Monitoring in real time is positioned at the signal of the charge sensor in described diesel particulate filter downstream.

28. method according to claim 27 is characterized in that, the signal that described method also is included in described downstream sensor sends warning signal when surpassing predeterminated level.

29. method according to claim 27 is characterized in that, described method also comprises:

Whether the difference of detection between the corresponding signal of described upstream sensor and described downstream sensor is lower than predeterminated level;

When being lower than described predeterminated level, the difference between the corresponding signal of described upstream sensor and described downstream sensor sends warning signal.
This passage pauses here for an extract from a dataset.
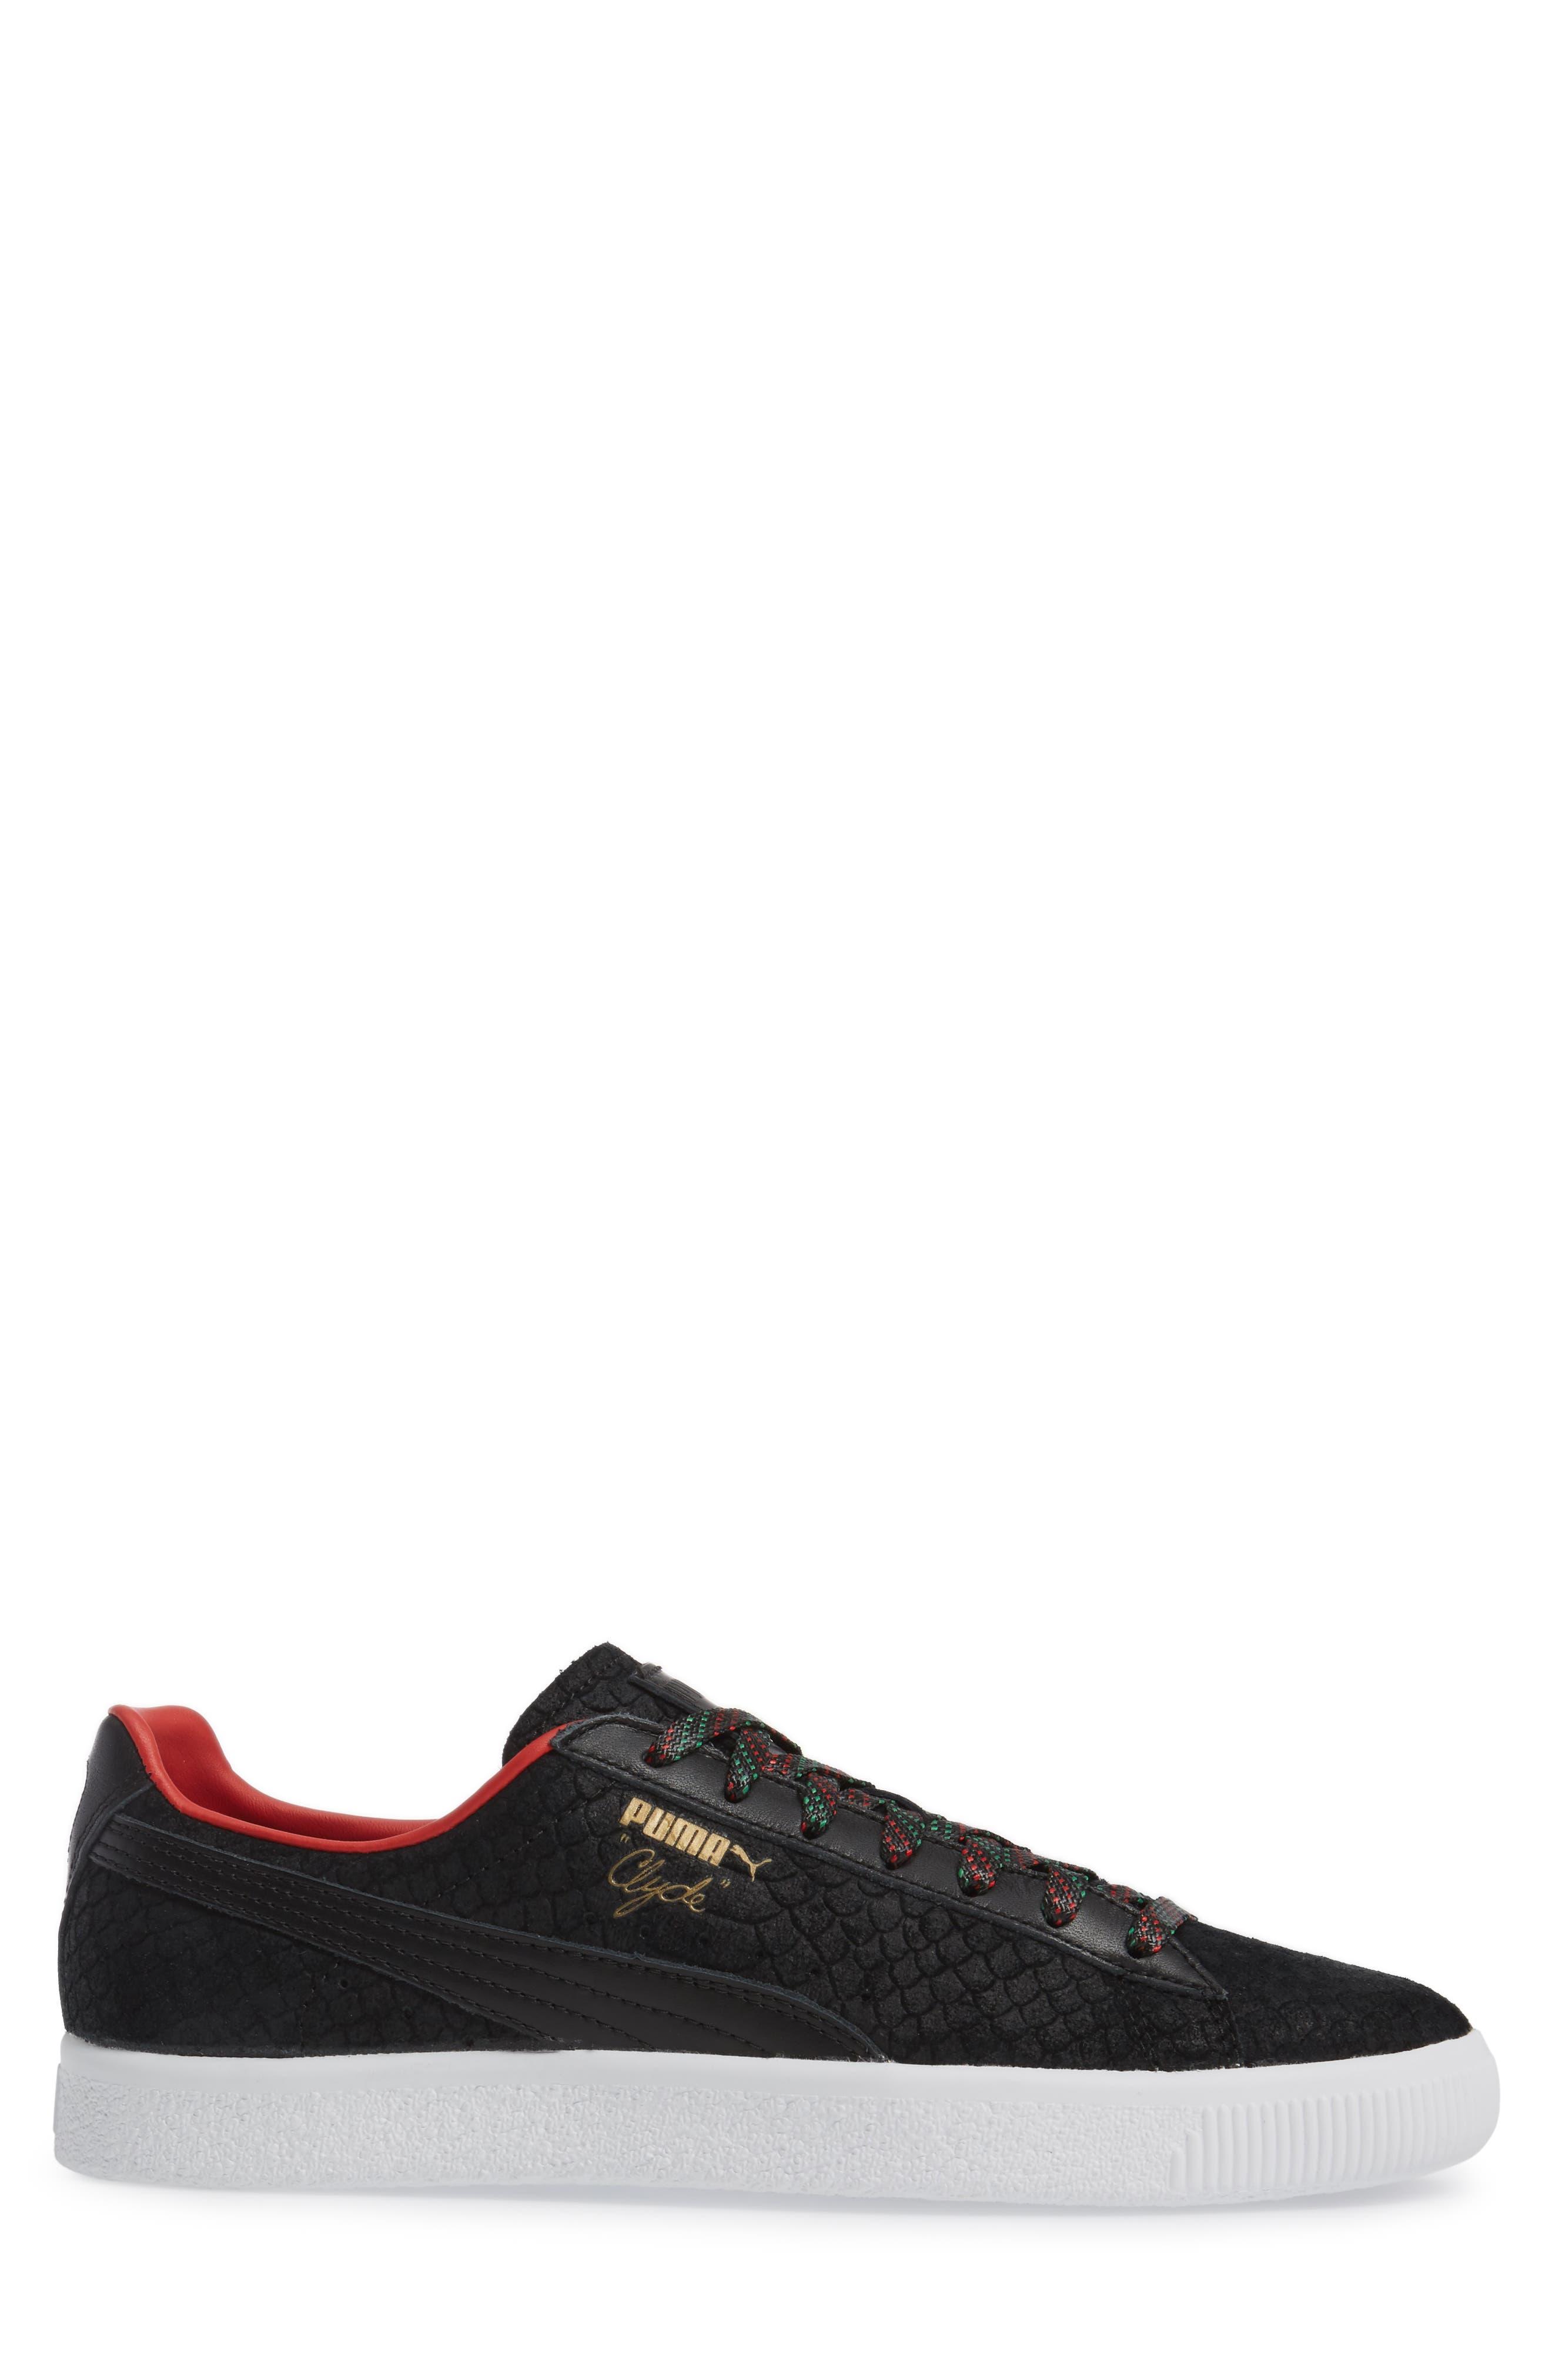 Clyde GCC Sneaker,                             Alternate thumbnail 3, color,                             001

30. an onboard diagnostic system that is used for the monitoring engine discharging, described system comprises:

Be used for obtaining in real time the device of the information relevant with the improper engine emission of the exhaust passage of motor, described improper engine emission comprises at least a in particulate matter and the nitrogen oxide;

Be used for making in real time the described improper engine emission information device relevant with the discharging of the single cylinder of described motor;

Be used for reducing in real time the device of improper engine emission of the single cylinder of described motor.
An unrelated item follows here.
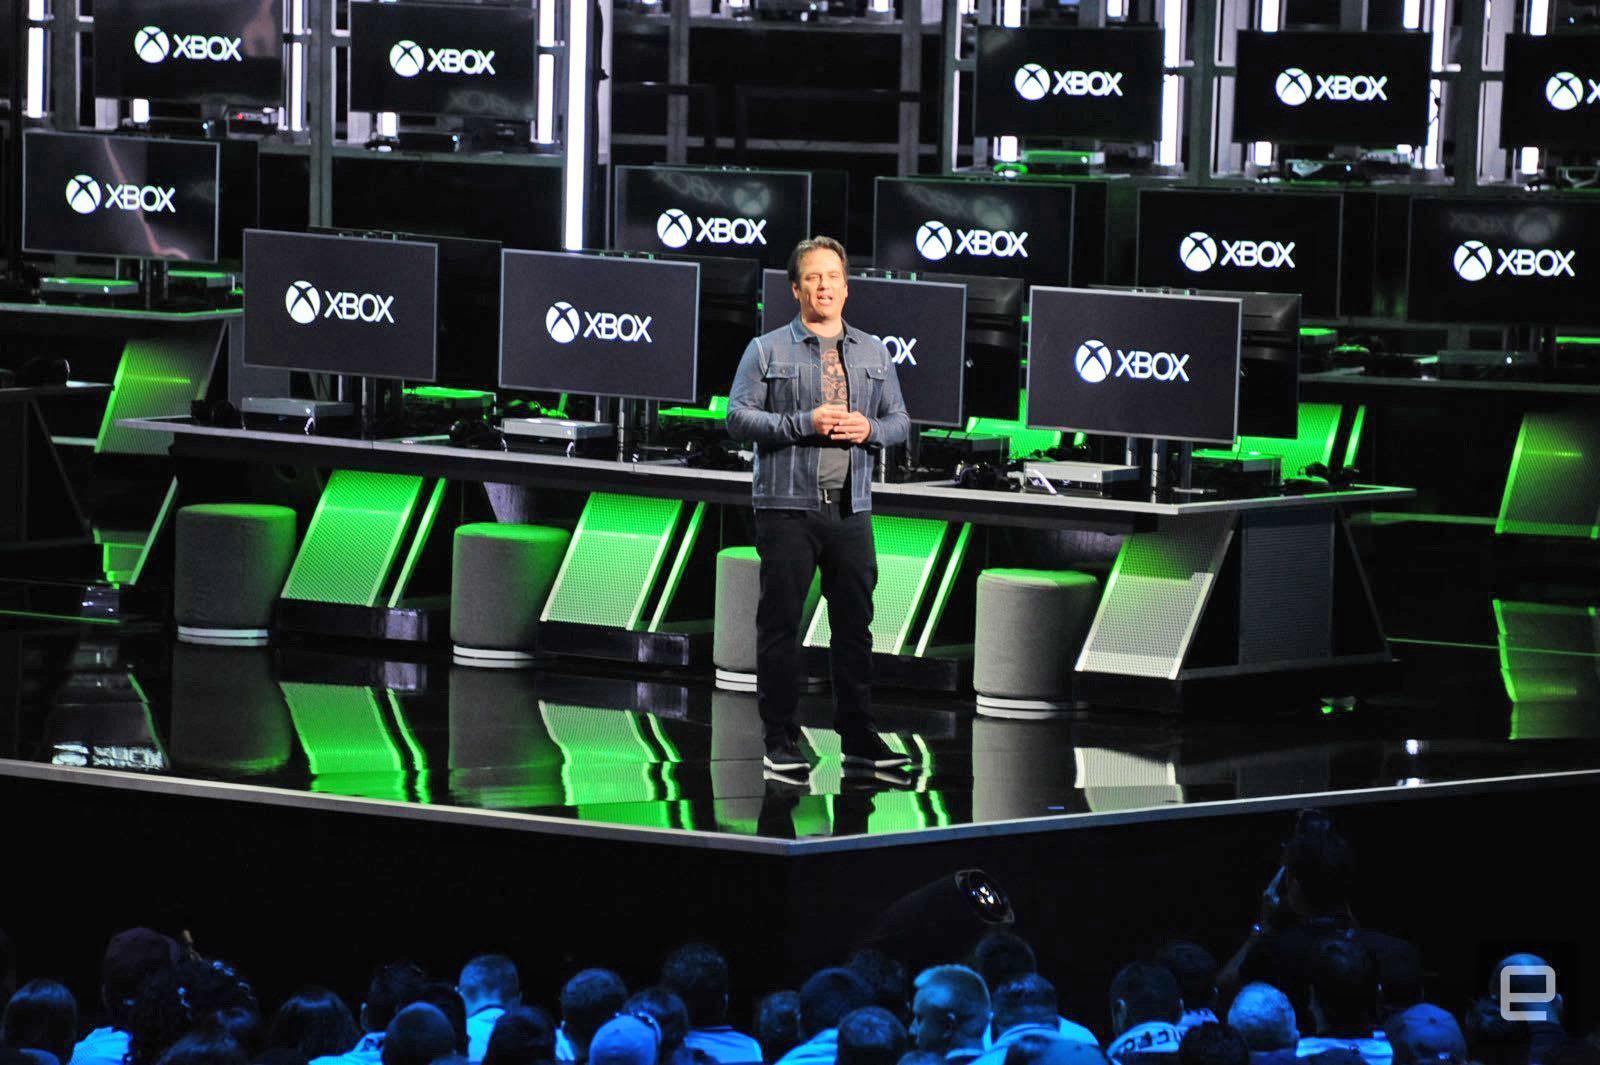 Microsoft's Xbox E3 showcase is set for June 9th

31. onboard diagnostic system according to claim 30 is characterized in that, described onboard diagnostic system also comprises and is used to provide improper engine emission concentration to surpass the device of the real-time indication of predeterminated level.

32. onboard diagnostic system according to claim 30 is characterized in that, described onboard diagnostic system also comprises the device that is used for following the tracks of in time improper engine emission.

33. onboard diagnostic system according to claim 30, it is characterized in that, described onboard diagnostic system also comprises the device that is used for determining being selected from least one condition of following group: upgrade the time of the diesel particulate filter of described exhaust passage, and the degradation in efficiency of the diesel particulate filter in the described exhaust passage.